Daniel LaRue Johnson’s Untitled, 1971
Daniel LaRue Johnson
(1938-2017)
Untitled, 1971
Acrylic on canvas
60 x 60 inchesSigned and dated verso

Born in Los Angeles, African American painter, sculptor, printmaker Daniel LaRue Johnson studied at Chouinard and in Paris with Giacometti. He is closely associated with Los Angeles’s African American artist movement of the mid-20th century, which developed as a response to the country’s social, political, and economic changes. His varied body of work includes politically charged collages as well as meticulously rendered color abstractions.

Johnson initially exhibited in community venues, and later in academic settings or a few established Los Angeles galleries. In the fall of 1966 UCLA’s Dickson Art Center inaugurated its new building with the national exhibition The Negro in American Art; Daniel LaRue Johnson was a participant. His work from this period is primarily sculptural – his “black box” period. These were dioramic constructions of objects, often repainted in solid black, that address the American civil rights move­ment. He was invited by John Weber to exhibit some of these works in the exhibition Boxes at the renowned Dwan Gallery.

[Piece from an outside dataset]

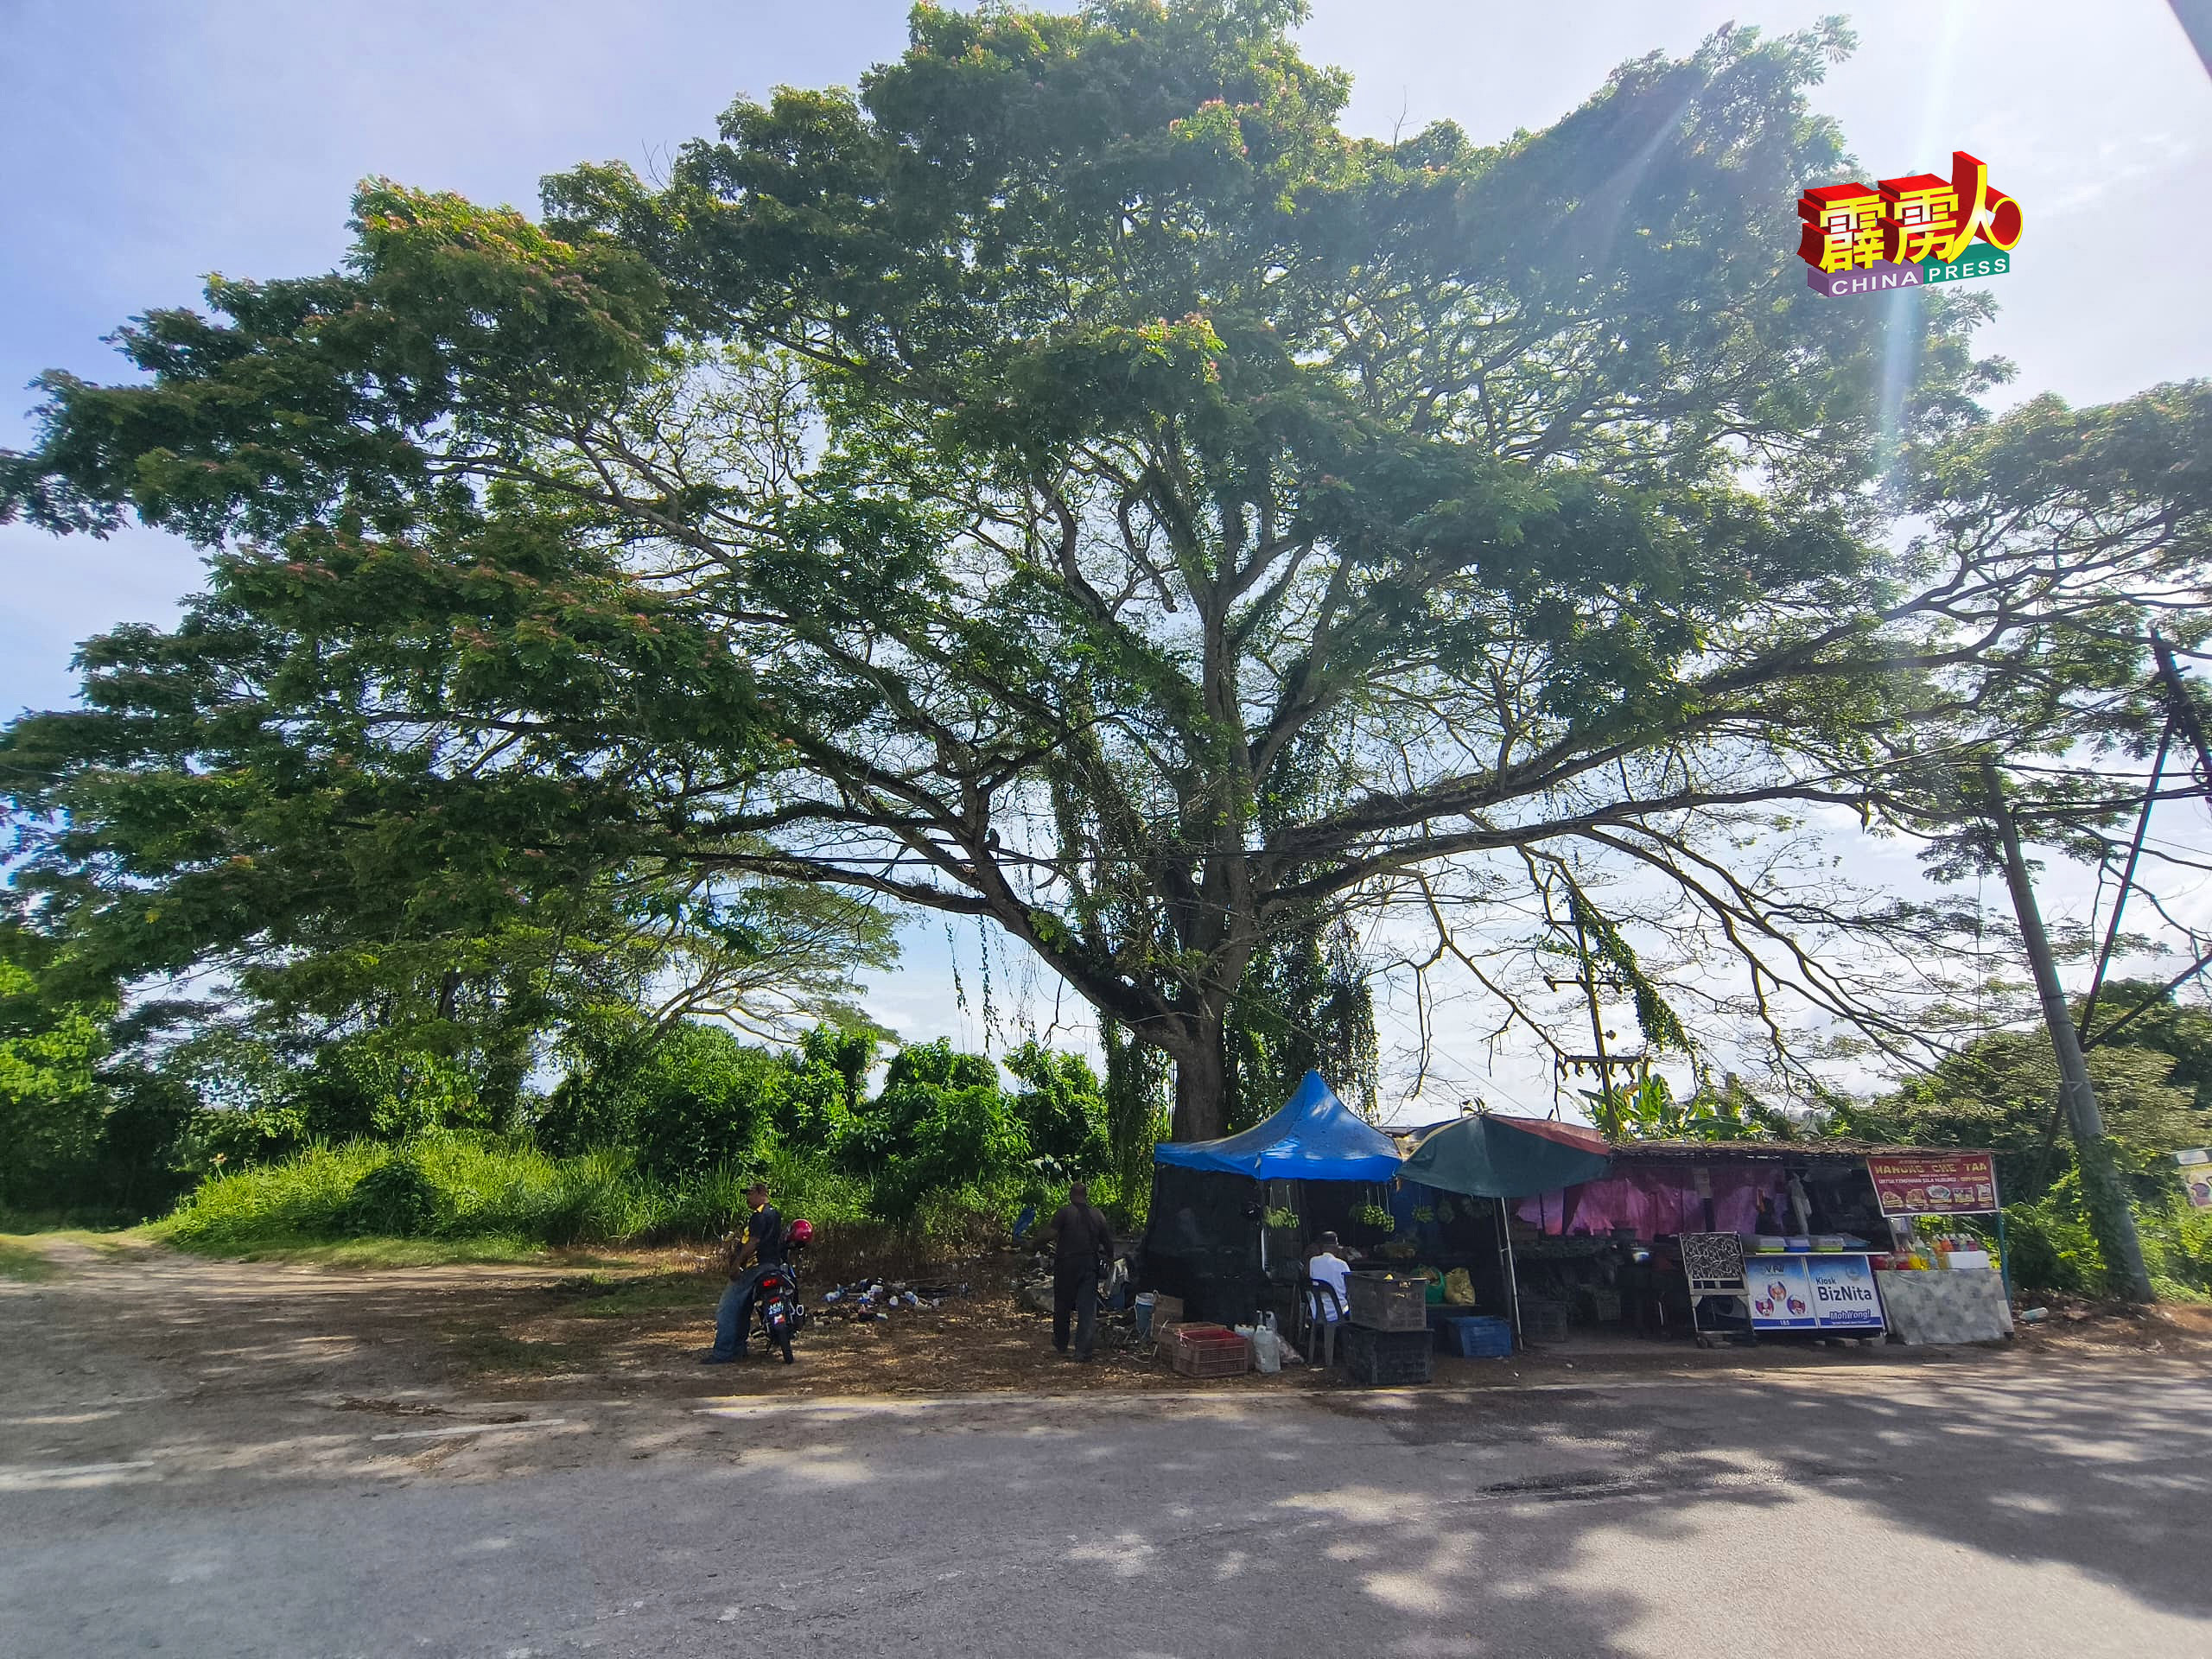 宁罗市镇与火车桥之间一个转弯处，当地人称为大树下的地方，将会闢成泊车场，至少可停放5辆旅巴。

Following his graduation, Johnson received a Guggenheim grant that allowed him and his wife, Virginia Jaramillo, to live in Paris. Upon his return to the US he settled in New York, where his work began to evolve. He began making sculpture that featured vibrant colors and high-gloss surfaces, and soon thereafter began to produce large-scale, meticulously rendered, polychromatic paintings.

In a review of the historic 2011 show Now Dig This!, in which Johnson was prominently featured, the critic Christopher Knight noted “Daniel LaRue Johnson merged painting with assemblage, affixing fragments of a broken doll, a hacksaw, a mousetrap and rubber hose onto a large, black field of viscous, tar-like pitch. Made in the aftermath of Bull Connor’s notorious Birmingham assault on peaceful civil rights marchers, Johnson injected a jolt of black social consciousness into the exalted status abstract artists then afforded to all-black paintings.”

Daniel LaRue Johnson’s artwork has enjoyed a rich exhibition history, having been exhibited at the Whitney Museum of American Art, the Guggenheim Museum and the Museum of Modern Art, where his work is in the permanent collection. Johnson’s work was recently featured at the Tate Modern in London in the exhibition “Soul of a Nation: Art in the Age of Black Power.”